[Records drawn from a dataset]
————————

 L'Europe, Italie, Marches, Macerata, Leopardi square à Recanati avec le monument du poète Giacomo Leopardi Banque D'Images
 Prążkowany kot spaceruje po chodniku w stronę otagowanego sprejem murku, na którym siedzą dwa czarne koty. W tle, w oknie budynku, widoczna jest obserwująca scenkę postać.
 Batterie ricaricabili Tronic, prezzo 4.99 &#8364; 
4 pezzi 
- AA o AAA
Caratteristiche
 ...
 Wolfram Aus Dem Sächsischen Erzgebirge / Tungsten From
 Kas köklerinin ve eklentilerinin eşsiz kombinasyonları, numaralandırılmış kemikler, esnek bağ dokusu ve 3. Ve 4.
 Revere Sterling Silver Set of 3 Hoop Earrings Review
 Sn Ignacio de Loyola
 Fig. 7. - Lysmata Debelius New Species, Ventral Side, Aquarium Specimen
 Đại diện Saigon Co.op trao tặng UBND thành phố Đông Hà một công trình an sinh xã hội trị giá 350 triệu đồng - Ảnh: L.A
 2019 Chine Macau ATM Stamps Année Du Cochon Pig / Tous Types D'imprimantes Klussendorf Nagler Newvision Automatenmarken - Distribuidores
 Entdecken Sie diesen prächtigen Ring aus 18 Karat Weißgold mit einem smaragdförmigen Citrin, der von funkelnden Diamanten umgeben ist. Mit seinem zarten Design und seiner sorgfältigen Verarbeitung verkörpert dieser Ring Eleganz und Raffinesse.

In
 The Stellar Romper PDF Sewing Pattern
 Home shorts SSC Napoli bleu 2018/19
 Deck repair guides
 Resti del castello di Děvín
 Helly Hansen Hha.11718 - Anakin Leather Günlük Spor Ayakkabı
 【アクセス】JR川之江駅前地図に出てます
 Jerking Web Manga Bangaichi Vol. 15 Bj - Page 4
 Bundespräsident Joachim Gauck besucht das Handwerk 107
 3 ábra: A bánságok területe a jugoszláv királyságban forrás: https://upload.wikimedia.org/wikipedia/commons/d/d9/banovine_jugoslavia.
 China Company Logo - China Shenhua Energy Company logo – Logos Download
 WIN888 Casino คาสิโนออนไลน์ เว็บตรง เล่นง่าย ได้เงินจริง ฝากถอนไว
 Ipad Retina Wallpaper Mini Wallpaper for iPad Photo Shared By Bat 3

————————

Every word of every entry must be returned as it appears.

 L'Europe, Italie, Marches, Macerata, Leopardi square à Recanati avec le monument du poète Giacomo Leopardi Banque D'Images
 Prążkowany kot spaceruje po chodniku w stronę otagowanego sprejem murku, na którym siedzą dwa czarne koty. W tle, w oknie budynku, widoczna jest obserwująca scenkę postać.
 Batterie ricaricabili Tronic, prezzo 4.99 &#8364; 
4 pezzi 
- AA o AAA
Caratteristiche
 ...
 Wolfram Aus Dem Sächsischen Erzgebirge / Tungsten From
 Kas köklerinin ve eklentilerinin eşsiz kombinasyonları, numaralandırılmış kemikler, esnek bağ dokusu ve 3. Ve 4.
 Revere Sterling Silver Set of 3 Hoop Earrings Review
 Sn Ignacio de Loyola
 Fig. 7. - Lysmata Debelius New Species, Ventral Side, Aquarium Specimen
 Đại diện Saigon Co.op trao tặng UBND thành phố Đông Hà một công trình an sinh xã hội trị giá 350 triệu đồng - Ảnh: L.A
 2019 Chine Macau ATM Stamps Année Du Cochon Pig / Tous Types D'imprimantes Klussendorf Nagler Newvision Automatenmarken - Distribuidores
 Entdecken Sie diesen prächtigen Ring aus 18 Karat Weißgold mit einem smaragdförmigen Citrin, der von funkelnden Diamanten umgeben ist. Mit seinem zarten Design und seiner sorgfältigen Verarbeitung verkörpert dieser Ring Eleganz und Raffinesse.

In
 The Stellar Romper PDF Sewing Pattern
 Home shorts SSC Napoli bleu 2018/19
 Deck repair guides
 Resti del castello di Děvín
 Helly Hansen Hha.11718 - Anakin Leather Günlük Spor Ayakkabı
 【アクセス】JR川之江駅前地図に出てます
 Jerking Web Manga Bangaichi Vol. 15 Bj - Page 4
 Bundespräsident Joachim Gauck besucht das Handwerk 107
 3 ábra: A bánságok területe a jugoszláv királyságban forrás: https://upload.wikimedia.org/wikipedia/commons/d/d9/banovine_jugoslavia.
 China Company Logo - China Shenhua Energy Company logo – Logos Download
 WIN888 Casino คาสิโนออนไลน์ เว็บตรง เล่นง่าย ได้เงินจริง ฝากถอนไว
 Ipad Retina Wallpaper Mini Wallpaper for iPad Photo Shared By Bat 3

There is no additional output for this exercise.